__Work to be completed__
From the entries that follow, copy each line containing the word "life".

__The data__
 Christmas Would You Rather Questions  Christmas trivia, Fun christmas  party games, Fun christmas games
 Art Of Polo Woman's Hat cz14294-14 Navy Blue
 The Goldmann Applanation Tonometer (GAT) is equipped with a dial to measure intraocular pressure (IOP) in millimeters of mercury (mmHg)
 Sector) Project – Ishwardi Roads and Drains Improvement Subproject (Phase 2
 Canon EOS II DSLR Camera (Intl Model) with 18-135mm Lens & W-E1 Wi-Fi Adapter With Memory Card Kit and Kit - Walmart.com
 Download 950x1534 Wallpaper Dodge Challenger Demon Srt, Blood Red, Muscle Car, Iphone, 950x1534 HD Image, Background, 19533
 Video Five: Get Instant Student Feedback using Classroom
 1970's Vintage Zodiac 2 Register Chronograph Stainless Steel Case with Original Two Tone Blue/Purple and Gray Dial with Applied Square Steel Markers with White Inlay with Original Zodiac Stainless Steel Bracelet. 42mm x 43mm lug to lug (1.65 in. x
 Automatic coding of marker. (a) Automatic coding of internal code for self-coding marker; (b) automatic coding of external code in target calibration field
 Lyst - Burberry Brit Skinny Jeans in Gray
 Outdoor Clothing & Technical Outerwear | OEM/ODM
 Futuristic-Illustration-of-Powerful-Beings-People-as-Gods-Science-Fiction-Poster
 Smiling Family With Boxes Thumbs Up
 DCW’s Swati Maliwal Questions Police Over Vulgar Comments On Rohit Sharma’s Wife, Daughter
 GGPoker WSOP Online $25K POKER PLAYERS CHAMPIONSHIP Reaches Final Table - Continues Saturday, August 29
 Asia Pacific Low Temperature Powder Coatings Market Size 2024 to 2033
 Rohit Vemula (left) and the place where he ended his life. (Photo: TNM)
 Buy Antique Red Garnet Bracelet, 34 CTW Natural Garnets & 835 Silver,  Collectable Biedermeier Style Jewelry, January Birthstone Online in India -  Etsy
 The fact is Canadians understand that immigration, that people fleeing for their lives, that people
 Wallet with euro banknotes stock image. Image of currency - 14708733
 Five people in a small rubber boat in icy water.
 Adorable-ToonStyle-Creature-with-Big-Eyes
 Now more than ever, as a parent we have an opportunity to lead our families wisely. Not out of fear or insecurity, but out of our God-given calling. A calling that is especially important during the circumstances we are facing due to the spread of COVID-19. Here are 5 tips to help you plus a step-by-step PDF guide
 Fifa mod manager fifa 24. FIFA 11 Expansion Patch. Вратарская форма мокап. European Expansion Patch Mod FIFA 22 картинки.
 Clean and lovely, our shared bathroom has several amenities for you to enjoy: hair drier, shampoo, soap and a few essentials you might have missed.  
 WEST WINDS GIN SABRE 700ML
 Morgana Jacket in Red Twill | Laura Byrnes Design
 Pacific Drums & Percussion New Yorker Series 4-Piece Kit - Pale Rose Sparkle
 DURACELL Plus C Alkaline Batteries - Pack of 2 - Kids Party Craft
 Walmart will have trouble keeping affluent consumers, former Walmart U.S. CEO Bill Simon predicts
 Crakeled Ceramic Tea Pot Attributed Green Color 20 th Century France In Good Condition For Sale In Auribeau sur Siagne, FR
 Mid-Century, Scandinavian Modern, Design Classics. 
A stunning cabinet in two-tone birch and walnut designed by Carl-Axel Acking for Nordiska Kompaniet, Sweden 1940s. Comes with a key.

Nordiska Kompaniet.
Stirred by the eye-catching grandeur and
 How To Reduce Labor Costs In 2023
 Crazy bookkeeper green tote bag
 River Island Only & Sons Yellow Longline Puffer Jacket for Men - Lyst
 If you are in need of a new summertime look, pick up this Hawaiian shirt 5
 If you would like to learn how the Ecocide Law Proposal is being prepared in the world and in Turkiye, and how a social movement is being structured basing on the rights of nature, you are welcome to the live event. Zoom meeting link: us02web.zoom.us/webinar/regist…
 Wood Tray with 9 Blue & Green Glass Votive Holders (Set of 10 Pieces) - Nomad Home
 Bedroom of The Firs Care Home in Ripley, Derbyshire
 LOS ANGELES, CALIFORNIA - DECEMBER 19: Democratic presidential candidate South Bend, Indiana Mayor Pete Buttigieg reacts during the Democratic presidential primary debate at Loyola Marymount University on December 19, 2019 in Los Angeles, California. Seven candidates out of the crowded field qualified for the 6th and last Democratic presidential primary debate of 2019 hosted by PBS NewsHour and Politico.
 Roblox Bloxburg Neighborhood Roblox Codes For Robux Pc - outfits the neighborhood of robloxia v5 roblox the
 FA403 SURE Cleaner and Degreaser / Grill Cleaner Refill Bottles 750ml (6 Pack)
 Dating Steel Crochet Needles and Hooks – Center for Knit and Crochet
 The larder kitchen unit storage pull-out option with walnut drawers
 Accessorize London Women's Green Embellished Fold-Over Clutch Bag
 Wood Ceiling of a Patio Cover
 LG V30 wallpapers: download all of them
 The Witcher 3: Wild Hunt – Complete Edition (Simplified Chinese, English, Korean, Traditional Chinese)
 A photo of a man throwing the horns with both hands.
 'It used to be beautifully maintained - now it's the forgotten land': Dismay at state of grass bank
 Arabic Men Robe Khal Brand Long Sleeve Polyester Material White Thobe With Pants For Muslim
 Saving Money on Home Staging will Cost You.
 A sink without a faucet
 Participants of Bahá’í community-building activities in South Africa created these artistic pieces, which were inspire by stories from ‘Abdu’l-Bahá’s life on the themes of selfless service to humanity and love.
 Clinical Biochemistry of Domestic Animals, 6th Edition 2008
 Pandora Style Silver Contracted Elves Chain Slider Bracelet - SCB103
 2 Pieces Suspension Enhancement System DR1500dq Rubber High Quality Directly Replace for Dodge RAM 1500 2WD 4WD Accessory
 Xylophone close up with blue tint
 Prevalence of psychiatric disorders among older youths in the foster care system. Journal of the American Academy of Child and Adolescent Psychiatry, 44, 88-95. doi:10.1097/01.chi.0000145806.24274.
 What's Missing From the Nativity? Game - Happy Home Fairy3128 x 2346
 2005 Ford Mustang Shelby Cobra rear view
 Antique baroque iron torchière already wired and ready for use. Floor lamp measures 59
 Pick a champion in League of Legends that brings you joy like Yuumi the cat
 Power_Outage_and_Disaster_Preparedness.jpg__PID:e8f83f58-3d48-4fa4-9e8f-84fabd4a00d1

__Solution for this problem__
 Rohit Vemula (left) and the place where he ended his life. (Photo: TNM)
 Participants of Bahá’í community-building activities in South Africa created these artistic pieces, which were inspire by stories from ‘Abdu’l-Bahá’s life on the themes of selfless service to humanity and love.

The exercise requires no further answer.